Szwarc concluded her piece saying: “Patients may have been needlessly put at risk and healthcare resources may have been wasted on unsound or potentially dangerous treatments. But the public has sadly lost even more. Whether or not it's warranted, this misconduct is another chip in their trust of the entire medical profession and in medical professionals to practice ethical and science-based medicine.”
And, once again, she’s right. Although the number of researchers submitting falsified or biased studies may be small, the entire medical and scientific establishment is likely to be tarred with the same brush and ridden out of town on the same rail. And, they can’t afford to ignore any impropriety on the part of their colleagues.
Is there anyone out there who doesn’t understand why I question the research studies conducted by, or on behalf of, the anti-smoker brigade and their partners in the pharmaceutical industry?
PS: Dr. Michael Siegel wrote an article on his blog yesterday about the smoking cessation drug Chantix. He claims a number of tobacco control researchers and authorities on an expert panel made recommendations for the treatment of nicotine dependence, “despite having significant financial conflicts of interest by virtue of their financial relationships with Big Pharma”. (Tobacco Analysis)
Interesting.
2 comments:
Soemthing I've always believed is that the amount of fraud in "tobacco control" research must be considerably higher than in other areas.
Why do I believe that? Simply because I believe *most* researchers are at least somewhat ethical.
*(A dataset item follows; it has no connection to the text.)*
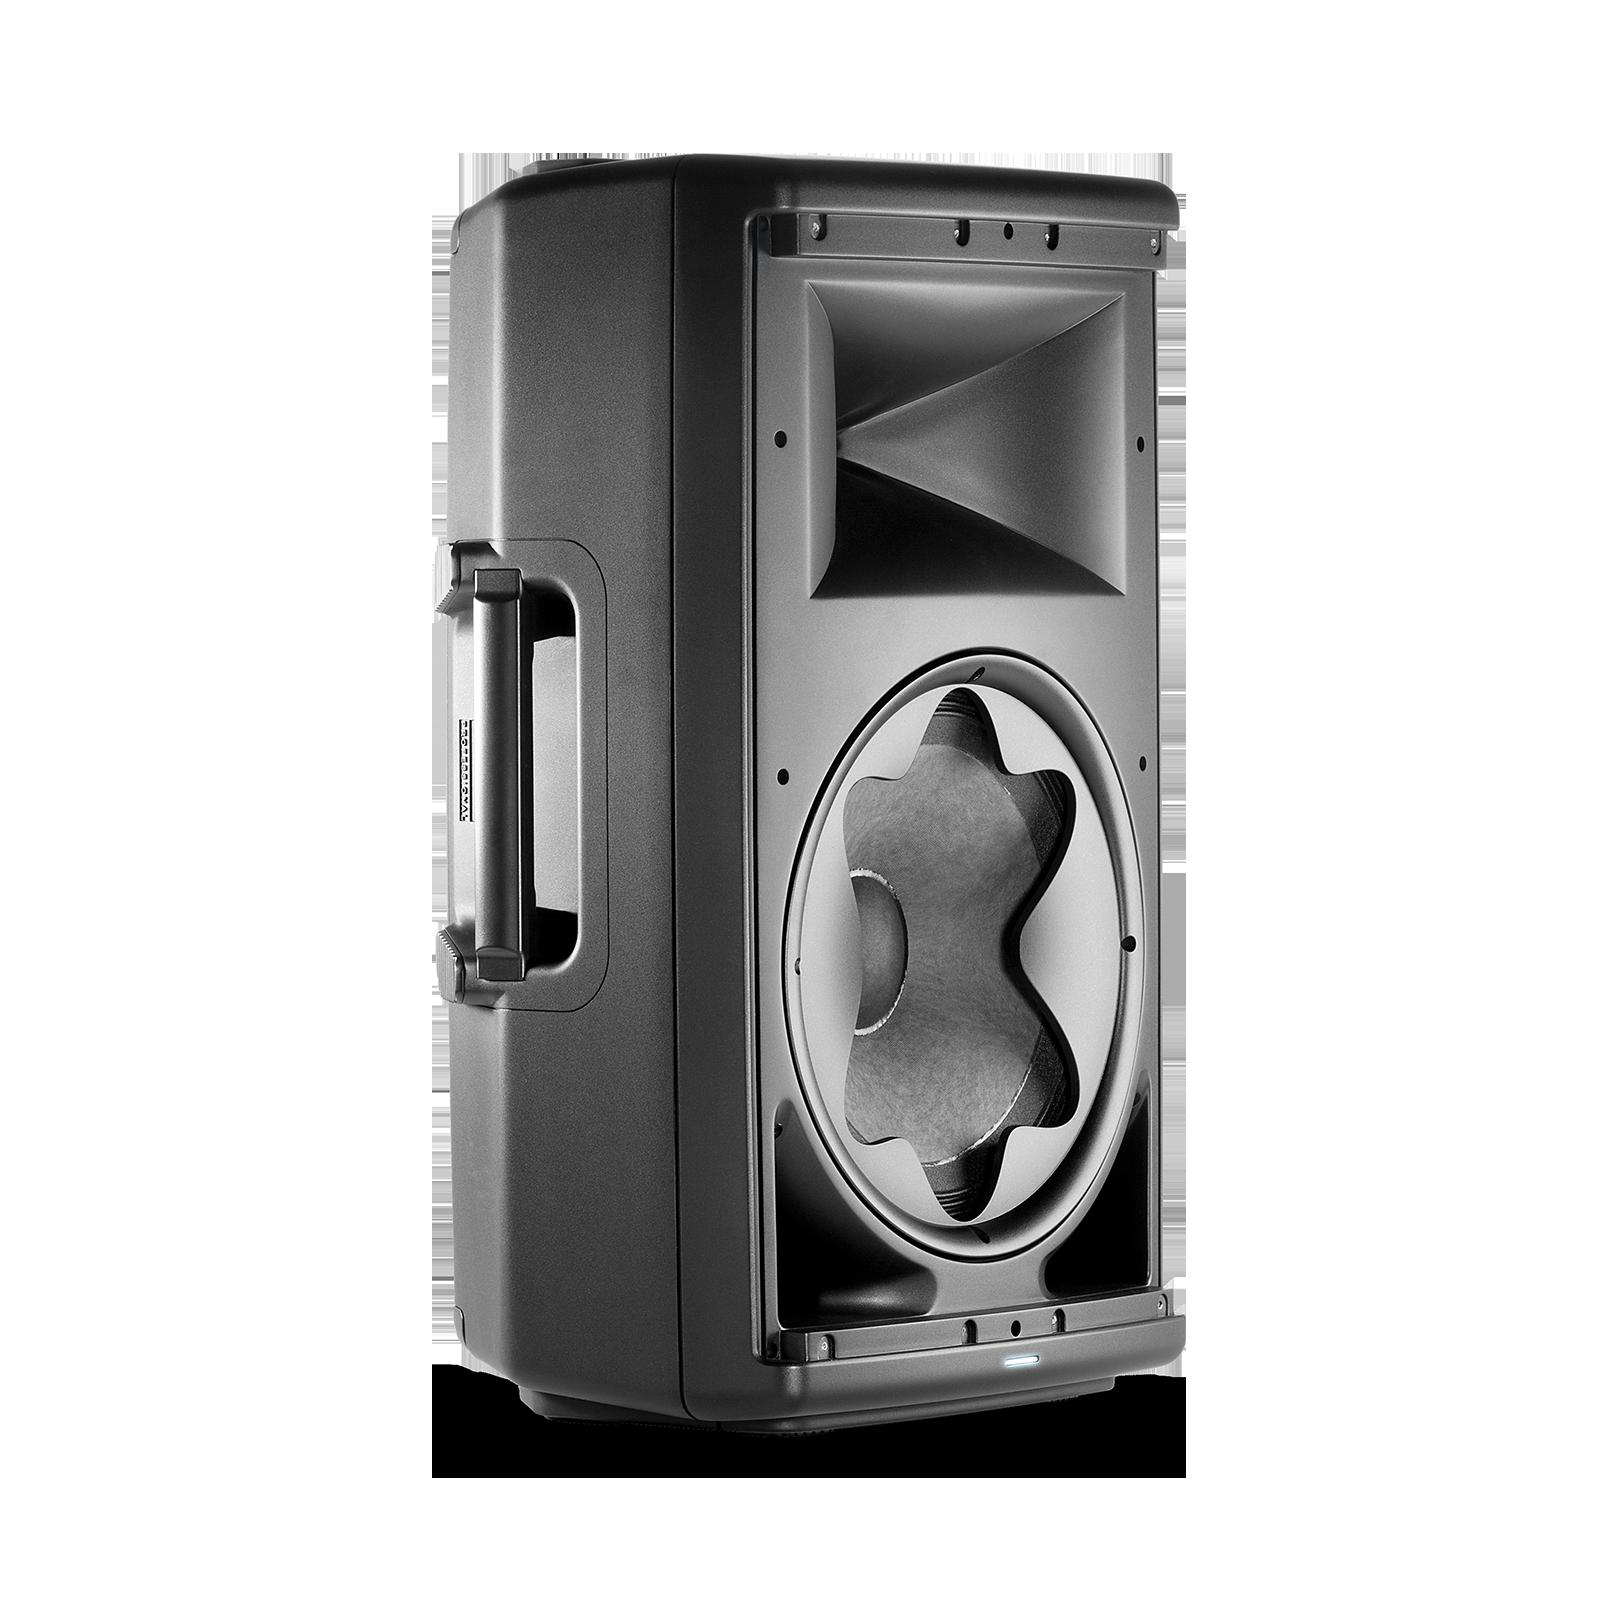 "JBL EON612 - Black - 12"" (30.48 cm) Two-Way Multipurpose Self-Powered Sound Reinforcement - Detailshot 2"

That sense of ethics keeps many of them from "tweaking" studies just to get the results pleasing to their "sponsors." They may *design* studies to give the desired results, but I think most of them draw the line when it comes to outright fraud.
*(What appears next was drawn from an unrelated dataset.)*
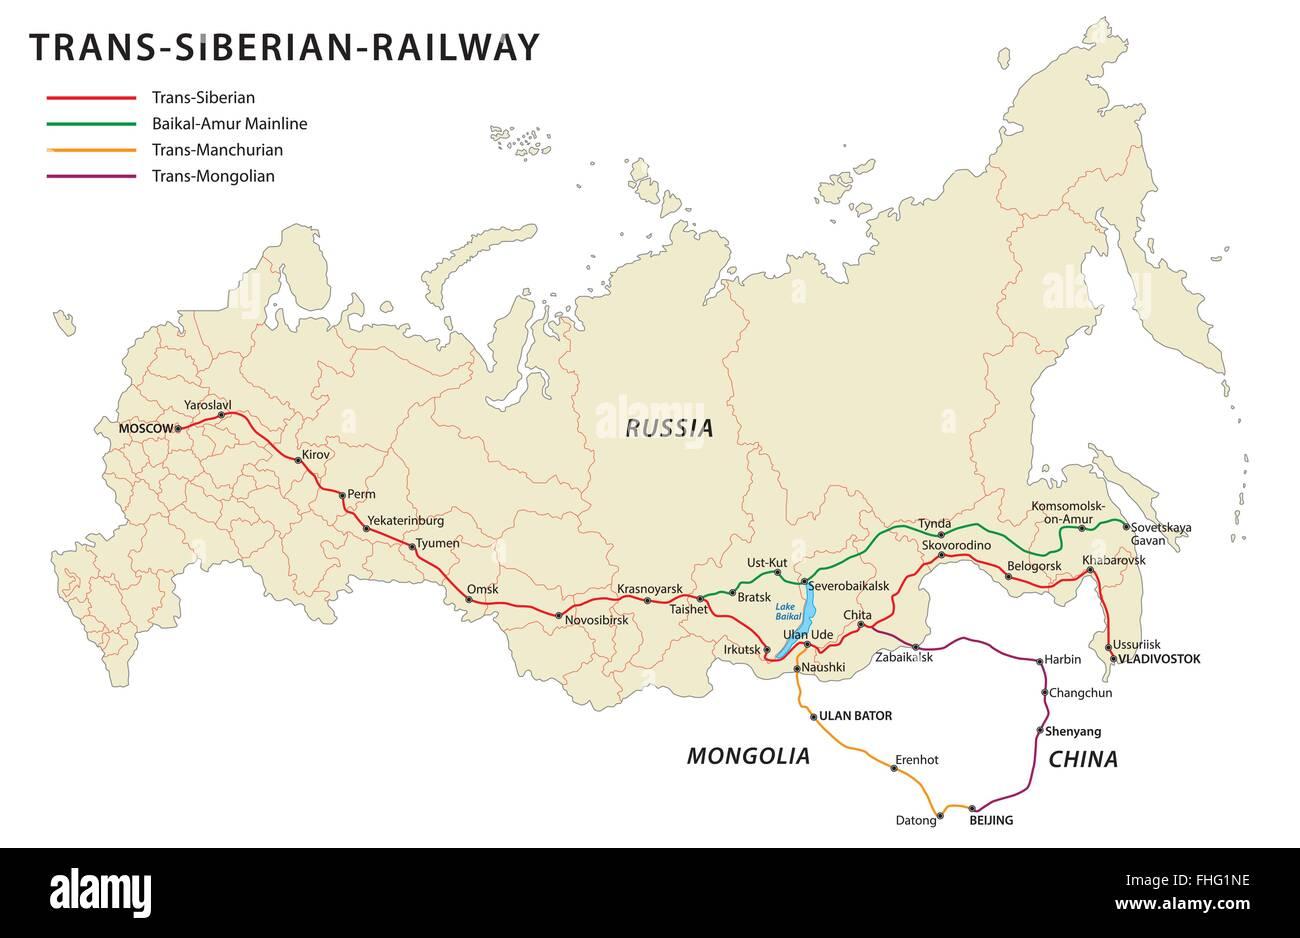 Trans-siberian-railway map - Stock Image

So why is tobacco research different? Why do I believe it is likely to have more outright fraud involved? Simply because many of the researchers who take on studies that are going to directly impact such policies as smoking bans and taxes sincerely believe that they are, more or less, on a "mission from God." Yes, they want to get their check in the mail just as badly as the researcher studying a pain pill for a drug company, but not only do they have a strong direction clearly given to them as to "desired' results, they also often have a firm belief about what the correct results SHOULD show. So when the answers come back not quite right they can salve their conscience while doing the numbers juggling by saying "It's for the greater good." or "Look, I *know* this ban MUST be cutting heart attacks and my numbers are ALMOST statistically significant, so let me just add a couple more AMIs into the third column over here so it'll come out properly."
How much outright fraud has been committed? I don't think there's any way to know, but it's pretty clear that it's likely to be more than would generally be found in medical research.
Michael J. McFadden
Author of "Disseting Antismokers' Brains"
Old Rambler, bad research done by drug companies seems to be not only acceptable, but expected. Like the global warming crew and the antismokers, they identify the desired result, then work backwards to make the data fit. Money is the bottom line, and they don't give a rat's ass about the public, need I mention Chantix and Zyban? They work day and night to convince us that we need their crap, and people are so gullible they give antidepressants to their preschoolers and antianxiety medications to their DOGS!!! There's a good video on you tube called Aspartame, Brain Cancer And The FDA Approval Process that shows how they are able to push this stuff through. Like you, I am extremely of any claims made by the "health" industry, especially if statistics are involved.